La
Campaña, por Horacio González, para La Tecl@eñe
Fuente:
La
campaña de Cristina no es una “duranbabización de izquierda” figurada en los
manuales de procedimiento de los expertos en hacer “ganar” o “perder”
elecciones, o en el sentido común al que nos obligan Fantino o Lanata. La
campaña de Cristina contiene el germen potencialmente vivo de una asamblea o un
mitin de comuneros libres.
Una campaña política, conquista
y reafirma voluntades, mientras que la campaña militar busca desmontarle a los
otros sus nociones de organización y lucha. No hay allí un tercer opinante, los
electores, sino que las cosas se resuelven cuando alguna de las fuerzas bélicas
ocupa el centro de irradiación del enemigo por la potencia de sus medios
técnicos, intelectuales y beligerantes.
Sabemos las diferencias, pero no perdamos de vista los parecidos.
En una campaña, todo es significativo, gestos desapercibidos cobran singular
relieve y cálculos mayúsculos pueden pasar sin interés para la crónica. Se le
habla al pueblo de la nación a fin de atraer su atención, por lo tanto es un
tipo de mensaje que recubre de importancia al interlocutor, el candidato saluda
con más atención y hay que detenerse ante cualquier pregunta callejera, a
diferencia de un jefe de Estado, un gran Sindicalista o un Canciller, que
aunque puede hacerlo, no tiene en general tiempo para eso. Por eso una campaña
es un vasto teatro donde el candidato está a la intemperie, todos los elementos
que aparecen ante su vista se mueven a su paso o lo sensibilizan. No tiene
guardaespaldas o si los tiene no están en primer plano, con lo que una campaña
es también un tipo de Estado, pronuncia una forma de poder y decisión,
sobreentendiendo que si ésta tiene ámbitos cerrados o exclusivos, la campaña
ayuda a pensarlos por el envés.
Si se trata de poderes confidenciales la campaña ayuda a pensarlos
con mayor amenidad, y se configuran también más porosos. Y así, si se entiende
que el ejercicio del poder podría excluir una porción importante de la palabra
pública, ésta después podrá apreciarse si se eclipsa o se muestra rozagante
durante la campaña –a cielo abierto-. Pues no hay poder sin campaña ni campaña
si una idea de poder. Entonces, la campaña prefigura, adelanta, permite
visualizar cómo sería una orden o una decisión grave futura. Sin que nadie
necesite decirlo, la campaña anticipa los estilos con los cuales, si el
candidato sale elegido, ejercerá sus oficios.
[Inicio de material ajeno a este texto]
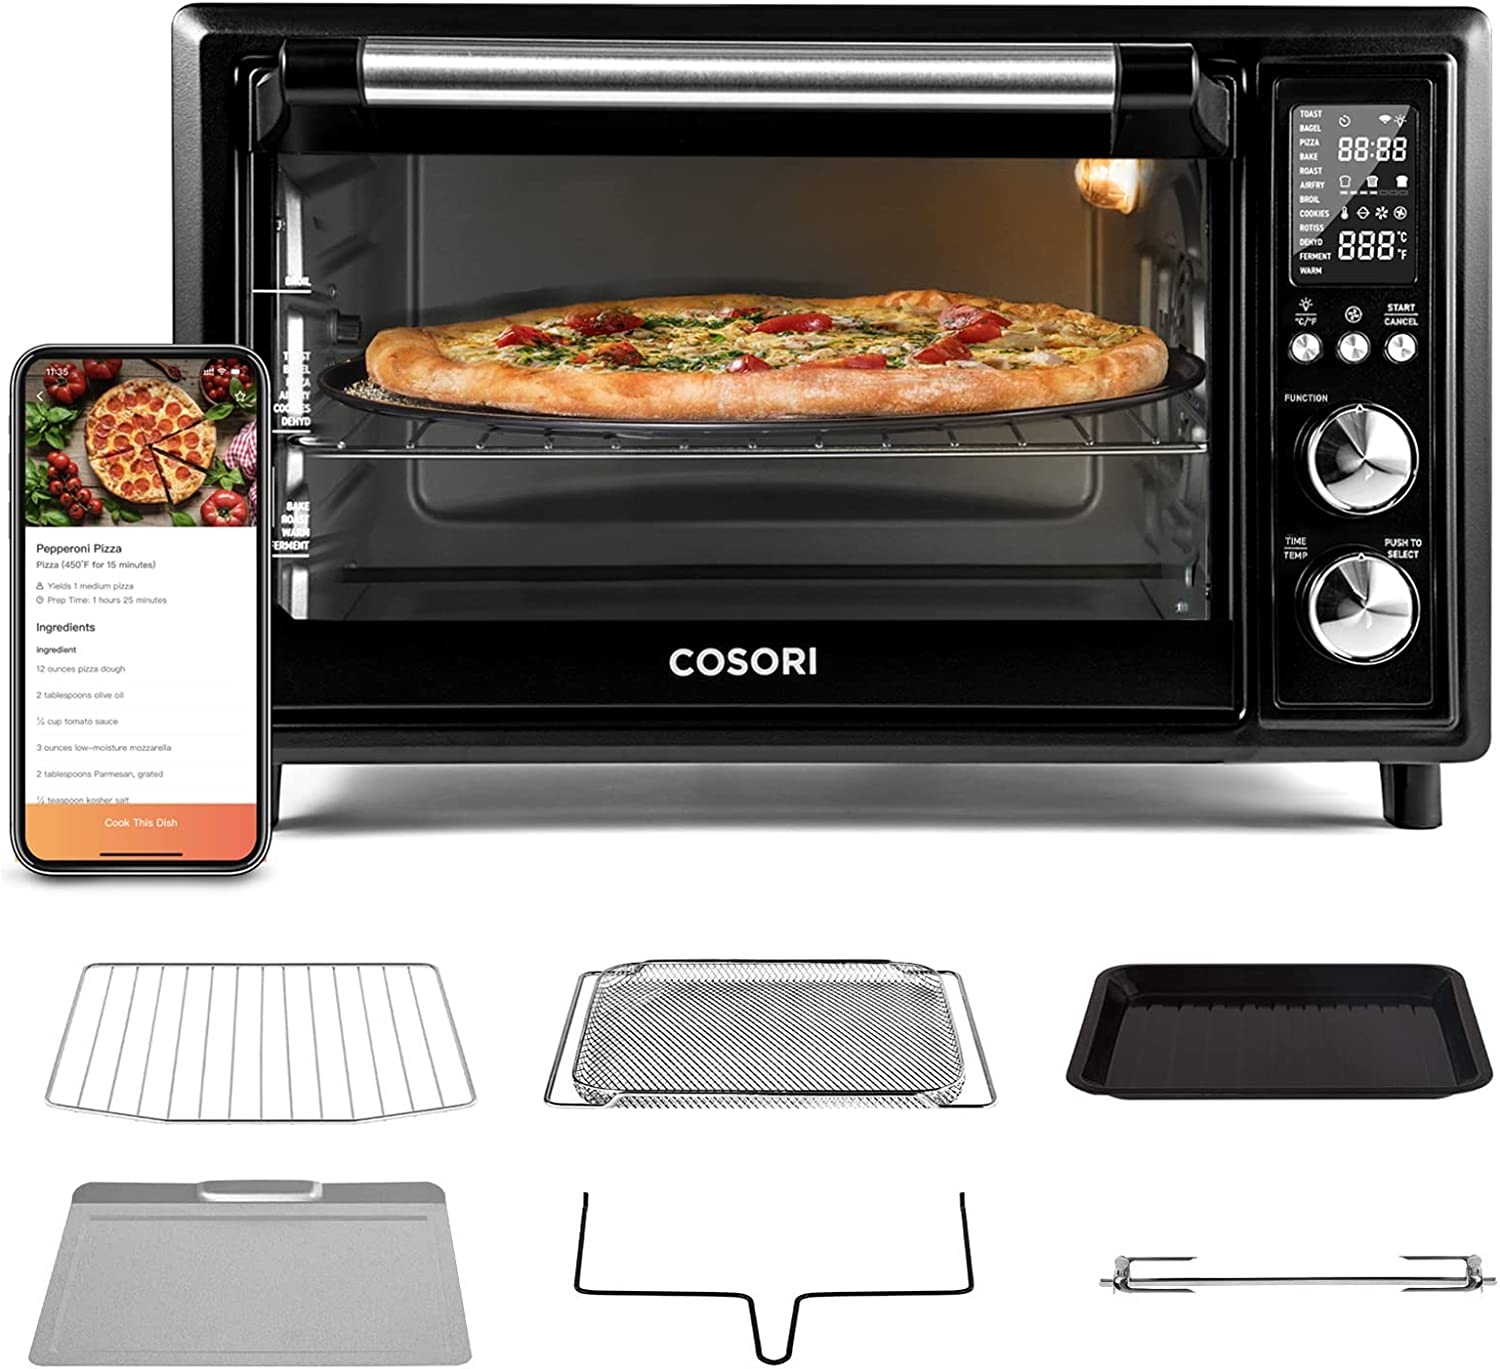 COSORI Air Fryer Toaster Oven, 12-in-1 Convection Oven Countertop with Rotisserie, Stainless Steel 32QT/32L, 6-Slice Toast,

Es sin duda el reino de la promesa. Mejor dicho, el arte de la
promesa. Nadie pide contratos electorales; esta expresión es nueva debido a las
notorias distancias que estableció Macri entro lo “dicho” y lo que está
haciendo. Sabemos que la política es la movilidad de las decisiones en
incesantes escenas moduladas en sus diferencias, pero esto ocurre siempre bajo
explicaciones pertinentes y críticas al actuar propio. Una elección en las
sociedades masivas, mediatizadas y metropolitanizadas, no puede restringirse a
un contrato ni puede desentenderse del valor de las promesas. Es cierto, que
algo hay de contrato, pero tiene de contrato lo que le permite la promesa y de
promesa, lo que le permite el contrato. Por eso la acusación habitual al
macrismo de que rompió el contrato electoral, es justa y comprensible, por lo
desmesurado de una experiencia política que se lanzaba a una aventura con
cálculos previos sobre la distancia entre lo que sabía que decía y lo que sabía
que haría. En ese sentido, es lo más grave que ha ocurrido en la historia de
todas las campañas políticas argentinas y anuncia un nuevo tipo de político
fantochesco o rocambolesco (incluso en su actitud de bailar como un muñeco
desarticulado o el remedo de un pato deforme o aturdido en el propio balcón de
la casa Rosada). Sería un político de estructura extremadamente simple: una
máscara y un despojarse de la máscara. Dos movimientos vinculados a la vida de
las marionetas; mucho más temible cuando despojado del embozo, el rostro
crispado muestra su temible verdad.
Ya sea porque el candidato macrista no posee las facultades de la
oratoria, sino de una prédica primitiva, paternalista y ofensiva (siempre
atemorizadora; su sonrisa es cruel, como mínimo sobradora), ya sea porque las
asesorías del caso privilegiaron las imágenes llamadas de “proximidad” por
sobre el discurso “dicho a los vientos”, es decir a las multitudes, a la
historia o al horizonte utópico que posee toda sociedad, se ha girado hacia un
tipo de enunciado basado en arquetipos vacíos, meramente escénicos, que luego
se multiplican en “red”. Son ejemplos vastamente conocidos el timbreo, las
fotos donde “no se lo sorprenda hablando sino siempre escuchando”, la cercanía
con la “gente”, donde el acontecimiento semeja a una reunión de amigos, las
referencias cachadoras al fútbol, hechas en reuniones internacionales (como si
ninguna otra cosa importara, sólo la camaradería de los hinchas de fútbol,
“amigos fingidos en la chistosa incompatibilidad”). Lo cierto es que las
experiencias políticas de este tipo, ficticiamente “despolitizadoras” y
trazando una línea de abyección contra el “pasado”, además de invocar la
“izquierda” en el sentido de fin de las ideologías. Llamándose entonces
izquierda al acto de invocar “millenials" –o sea baratijas y mitologemas
de periodistas detrás de su bestseller-, conceptos reducidos al uso legendario
y absorbente de las redes y todos sus sistemas de control de tendencias de
consumo, lo que es un fenómeno que ni deja de reiterar motivos ultra conocidos
ni pierde interés para su estudio etnográfico (como “Adolescencia y Sexo
en Samoa”, de Margaret Mead, complejo monumento al relativismo cultural que hoy
debilitaría hasta el sarcasmo estas nociones periodísticas sobre los nuevos
adolecentes). Nociones periodísticas y electorales, que se traducen en la
angustiosa pregunta de los políticos ¿Qué pasa con los jóvenes?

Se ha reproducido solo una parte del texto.